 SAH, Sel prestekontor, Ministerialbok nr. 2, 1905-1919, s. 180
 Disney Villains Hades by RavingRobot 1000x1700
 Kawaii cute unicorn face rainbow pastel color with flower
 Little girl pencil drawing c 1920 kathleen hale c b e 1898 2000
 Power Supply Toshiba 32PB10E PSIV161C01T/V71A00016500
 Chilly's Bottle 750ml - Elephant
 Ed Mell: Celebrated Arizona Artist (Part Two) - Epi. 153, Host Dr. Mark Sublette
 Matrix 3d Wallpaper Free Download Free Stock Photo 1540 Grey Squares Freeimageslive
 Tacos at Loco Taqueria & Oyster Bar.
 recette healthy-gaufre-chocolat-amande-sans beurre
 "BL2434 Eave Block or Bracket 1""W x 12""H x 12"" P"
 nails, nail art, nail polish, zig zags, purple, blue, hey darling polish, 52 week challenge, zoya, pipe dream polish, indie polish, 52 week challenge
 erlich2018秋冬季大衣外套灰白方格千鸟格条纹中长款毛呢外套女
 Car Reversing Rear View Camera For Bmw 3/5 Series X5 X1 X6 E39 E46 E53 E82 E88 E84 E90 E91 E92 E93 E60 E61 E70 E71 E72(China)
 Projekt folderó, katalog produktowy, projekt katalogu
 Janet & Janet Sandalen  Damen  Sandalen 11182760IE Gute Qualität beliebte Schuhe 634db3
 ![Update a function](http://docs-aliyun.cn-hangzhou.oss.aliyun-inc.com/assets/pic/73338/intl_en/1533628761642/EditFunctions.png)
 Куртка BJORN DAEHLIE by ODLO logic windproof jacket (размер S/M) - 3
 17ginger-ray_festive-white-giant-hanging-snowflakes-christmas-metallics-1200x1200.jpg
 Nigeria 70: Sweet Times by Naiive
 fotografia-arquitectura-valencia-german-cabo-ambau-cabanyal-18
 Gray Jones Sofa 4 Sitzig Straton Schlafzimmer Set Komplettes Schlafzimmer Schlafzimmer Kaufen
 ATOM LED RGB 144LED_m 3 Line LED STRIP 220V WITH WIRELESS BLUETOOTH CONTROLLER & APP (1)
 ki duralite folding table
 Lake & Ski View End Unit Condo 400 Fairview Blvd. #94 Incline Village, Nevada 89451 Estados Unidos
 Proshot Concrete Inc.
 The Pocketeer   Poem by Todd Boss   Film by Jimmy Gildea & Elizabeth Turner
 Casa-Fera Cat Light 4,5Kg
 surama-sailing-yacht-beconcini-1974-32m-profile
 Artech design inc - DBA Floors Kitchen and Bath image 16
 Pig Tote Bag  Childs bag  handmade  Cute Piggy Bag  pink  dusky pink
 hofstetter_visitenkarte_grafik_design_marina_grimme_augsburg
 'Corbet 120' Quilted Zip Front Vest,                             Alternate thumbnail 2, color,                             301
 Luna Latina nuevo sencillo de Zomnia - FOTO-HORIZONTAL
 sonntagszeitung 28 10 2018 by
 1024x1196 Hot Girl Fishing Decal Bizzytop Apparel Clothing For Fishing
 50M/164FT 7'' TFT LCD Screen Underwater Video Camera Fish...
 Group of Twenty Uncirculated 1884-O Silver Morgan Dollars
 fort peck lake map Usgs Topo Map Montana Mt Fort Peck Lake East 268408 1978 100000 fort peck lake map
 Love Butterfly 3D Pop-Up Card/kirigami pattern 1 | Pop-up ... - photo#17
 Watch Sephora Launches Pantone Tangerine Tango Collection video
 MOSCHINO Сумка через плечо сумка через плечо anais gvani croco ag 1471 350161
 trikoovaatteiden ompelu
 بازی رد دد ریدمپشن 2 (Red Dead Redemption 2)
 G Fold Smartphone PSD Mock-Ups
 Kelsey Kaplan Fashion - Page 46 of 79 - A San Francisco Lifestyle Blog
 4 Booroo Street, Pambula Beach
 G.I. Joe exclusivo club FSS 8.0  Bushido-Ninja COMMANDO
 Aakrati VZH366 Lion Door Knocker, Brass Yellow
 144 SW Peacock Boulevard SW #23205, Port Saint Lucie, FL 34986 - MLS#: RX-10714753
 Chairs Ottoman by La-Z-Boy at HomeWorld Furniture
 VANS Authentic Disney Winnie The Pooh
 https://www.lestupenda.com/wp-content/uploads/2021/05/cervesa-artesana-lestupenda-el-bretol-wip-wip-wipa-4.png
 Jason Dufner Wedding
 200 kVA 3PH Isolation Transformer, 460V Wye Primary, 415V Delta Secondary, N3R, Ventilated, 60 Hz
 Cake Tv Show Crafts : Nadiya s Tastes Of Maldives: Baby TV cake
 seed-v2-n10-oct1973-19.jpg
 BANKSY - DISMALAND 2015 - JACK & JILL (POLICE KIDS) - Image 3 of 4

====================

* _Problem description_
Lines containing the word "View" must be found in the data above and copied.

* _Problem solution_
 Car Reversing Rear View Camera For Bmw 3/5 Series X5 X1 X6 E39 E46 E53 E82 E88 E84 E90 E91 E92 E93 E60 E61 E70 E71 E72(China)
 Lake & Ski View End Unit Condo 400 Fairview Blvd. #94 Incline Village, Nevada 89451 Estados Unidos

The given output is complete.